ゲームでは森で一休みしていた所をモンスターに襲われ、彼女に救われる所からストーリーが始まるのだが、今起こった事は偶然とはいえスペルボーンのプロローグと全く同じだ。何度も夢で見てきたのだから、間違えようがない。
目の前で繰り広げられる光景を見て、俺は今度こそ確信した。
あの夢の出来事は、本当であると―――
「間に合った……大丈夫か? 怪我はない?」
大蛇を一撃で倒した女剣士は目の前に降り立ち、こちらに振り返った。
颯爽と現れた金髪碧眼の美しい女剣士―――初対面である筈の彼女に、俺は何となく見覚えがあった。
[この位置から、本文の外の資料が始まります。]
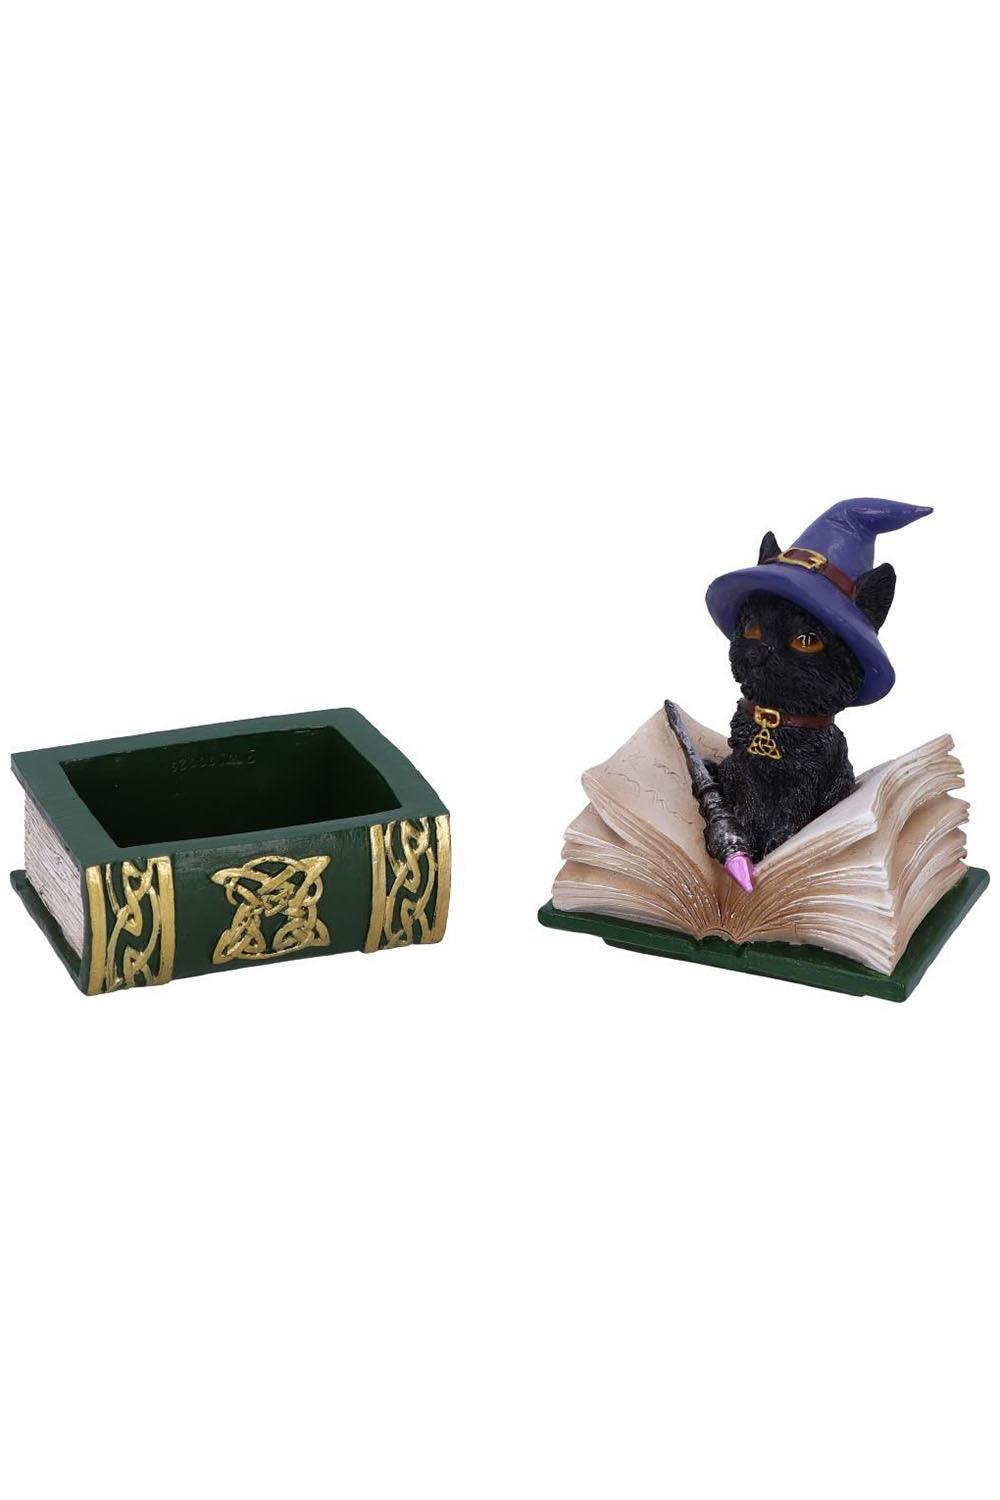 Nemesis Now Binx Witchy Black Cat with Spellbook Trinket Box - VampireFreaks

確か、彼女はエレノア・フォーレンに似ていた。エレノアはスペルボーンに登場するヒロインで、また一番最初に仲間になるキャラだ。冷静沈着で観察眼が鋭く、序盤では主人公、つまりゲームの中の俺を色々サポートする立場に位置付けられている。
そして、物語において重要な鍵を握るキャラでもあるのだ。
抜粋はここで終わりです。